Вдова по имени Ольга (она сразу попросила называть ее по имени, без отчества) не рыдала и не закатывала истерик; очевидно, горе подтолкнуло ее в другую сторону – в сторону безмолвия и отрешенности, что еще больше усиливало Ольгино сходство с ангелом. Ангелоподобная Ольга, одетая по-домашнему во что-то белое и ниспадающее широкими складками, без особых эмоций приняла пояснение Турецкого, что Константин Дмитриевич Меркулов попросил его помочь следствию, и без лишних слов проводила в гостиную, отличавшуюся хорошо продуманным авторским дизайном и богатой, со вкусом подобранной обстановкой. Ольга указала Турецкому на кресло, сама же устроилась напротив, на большом круглом диване. Александр Борисович обратил внимание на суетливый жест, которым Ольга нащупала подлокотник дивана. Как будто боялась сесть мимо…
– Спрашивайте, пожалуйста, – произнесла Ольга мелодичным голоском. – Я постараюсь ответить на все ваши вопросы. Я понимаю, чтобы установить причину смерти Кирилла, вы должны проанализировать ситуацию…
Саша Турецкий анализировал в данный момент не ситуацию – он анализировал вдову. Редкой классической красоты блондинка все время смотрела куда-то мимо собеседника, в сторону, чуть выше или чуть ниже, как бы не в состоянии зафиксировать взгляд на его лице. Эта манера слегка покоробила Турецкого: он не считал себя уродом, чья внешность невыносима для взгляда, и привык, чтобы женщины смотрели на него во все глаза. И в то же время в этом намеренном, казалось бы, пренебрежении, в этом соскальзывающем взгляде широко раскрытых, опустелых, отрешенных от всего мира глаз было что-то, приковывающее внимание. Что-то, раздразнившее в Александре Борисовиче мужчину. Если бы не Ирина Генриховна, которой он давненько уже поклялся в кристальной безукоризненной верности и держал свое слово… да, если бы не Ирина, он, пожалуй, занялся бы более подробным анализом вдовы!

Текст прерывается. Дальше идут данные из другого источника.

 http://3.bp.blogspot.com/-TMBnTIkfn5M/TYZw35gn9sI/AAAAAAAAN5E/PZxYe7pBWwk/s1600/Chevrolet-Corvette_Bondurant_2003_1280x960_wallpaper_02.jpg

И, вероятно, это принесло бы пользу следствию. Ольга Легейдо – женщина-загадка, или, правильней сказать, она битком набита загадками. Возможно, среди этих загадок отыщется та, которая поможет отыскать убийцу ее мужа…
Только если смерть Кирилла Легейдо не была обычным несчастным случаем. Ведь заключение специалистов еще не пришло.

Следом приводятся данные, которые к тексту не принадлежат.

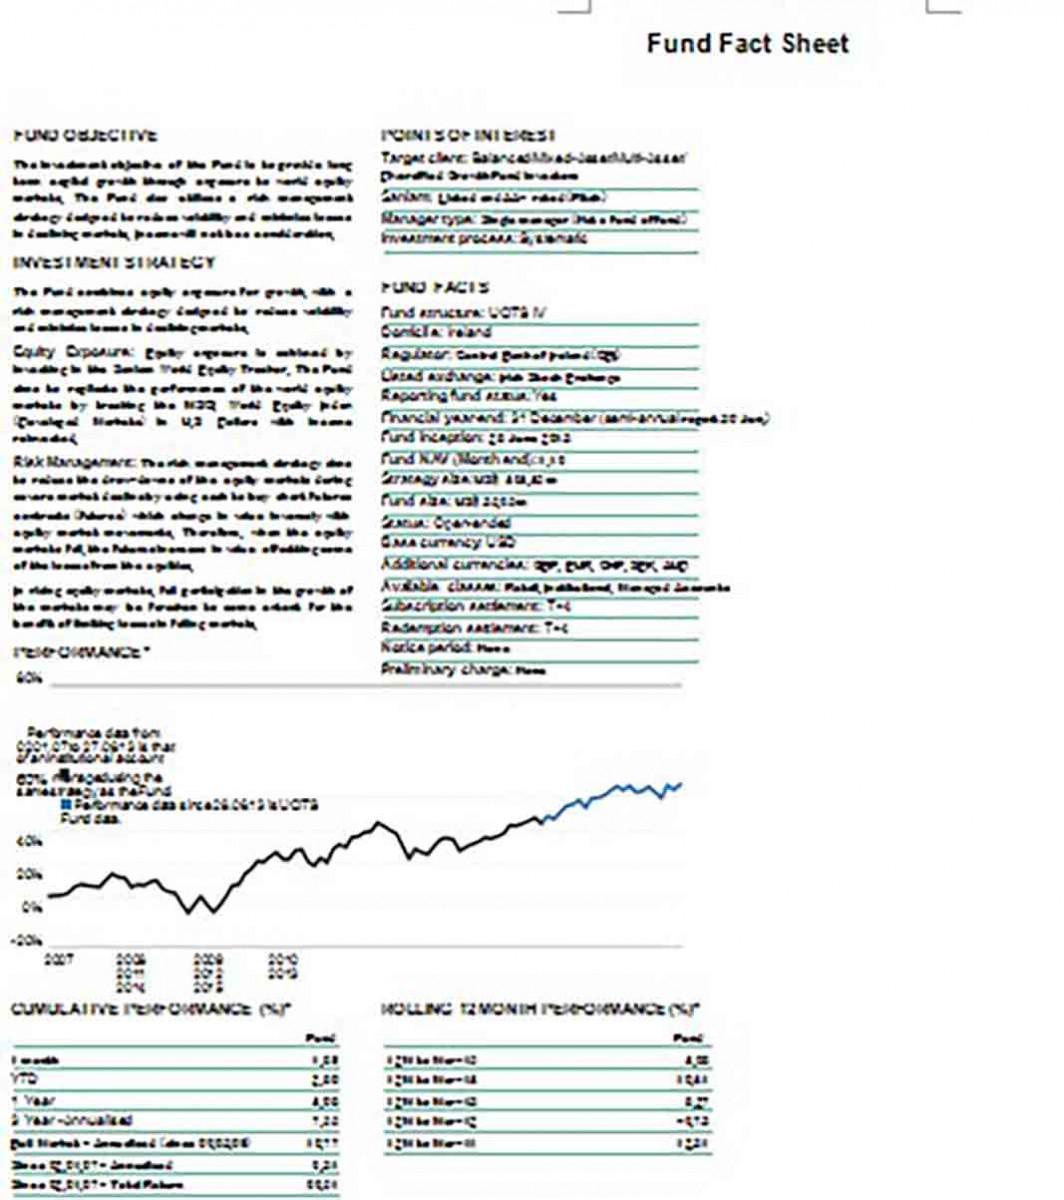 Fund Fact Sheet templates

– Вы не замечали, что Кирилла что-то тревожит? – расспрашивал Турецкий. – Странные телефонные звонки были?
Ольга слегка покачивала головой – отрицательно. При этом ее золотистые кудри перемещались по белым плечам, как бы наделенные самостоятельной жизнью. Роскошные волосы, даже если крашеные. А если у этой блондинки все натуральное – просто с ума сойти!
– Нет. Ничего такого.
– Оля, может быть, муж от вас что-то скрывал?
– Может быть, – все с той же грустной пассивностью согласилась Ольга. – Я теперь никогда не узнаю об этом.
– Простите меня… Он рассказывал вам об аэроклубе? Вы там бывали?
– Никогда. По-моему, у мужчины должны быть свои мужские увлечения, своя территория… Правда ведь?
Голубой взгляд широко раскрытых глаз на какой-то краткий миг соприкоснулся с глазами Турецкого – и, возможно, Ольга прочла, что было написано в них. Александр Борисович вспомнил об Ирине. Которая не способна была примириться с тем, что мужчины и женщины – два разных биологических вида, вынужденных поддерживать мирное сосуществование. Которая то и дело переходила границы, заступая на его мужскую территорию…
– Правда! Подтверждаю целиком и полностью! Но вернемся к Кириллу. Он говорил вам, что готовится к первому полету без инструктора?
– Да. Очень радовался. Он вообще бредил полетом. У него даже кличка на работе была – Карлсон. Глупая, да? А ему нравилась…
Произнося эти слова, Ольга все больше и больше наклонялась вперед, по направлению к Турецкому, приближая к нему свое лицо.
– Вот как? – рассеянно сказал Турецкий, следя за Ольгиным взглядом. Ее лицо совсем близко – такое же идеальное, нежное, белое, как и на расстоянии. Не исключено, что секрет ее красоты заключался в особом типе кожи, совершенно гладкой, матовой, не блестящей, а как бы светящейся, точно неглазурованный фарфор. Турецкому казалось, что он рассматривает с очень близкого расстояния прекрасную куклу в рост человека. Это было необычно… завораживающе… Саша попытался представить, каково ощутить соприкосновение с этой матово-нежной щекой…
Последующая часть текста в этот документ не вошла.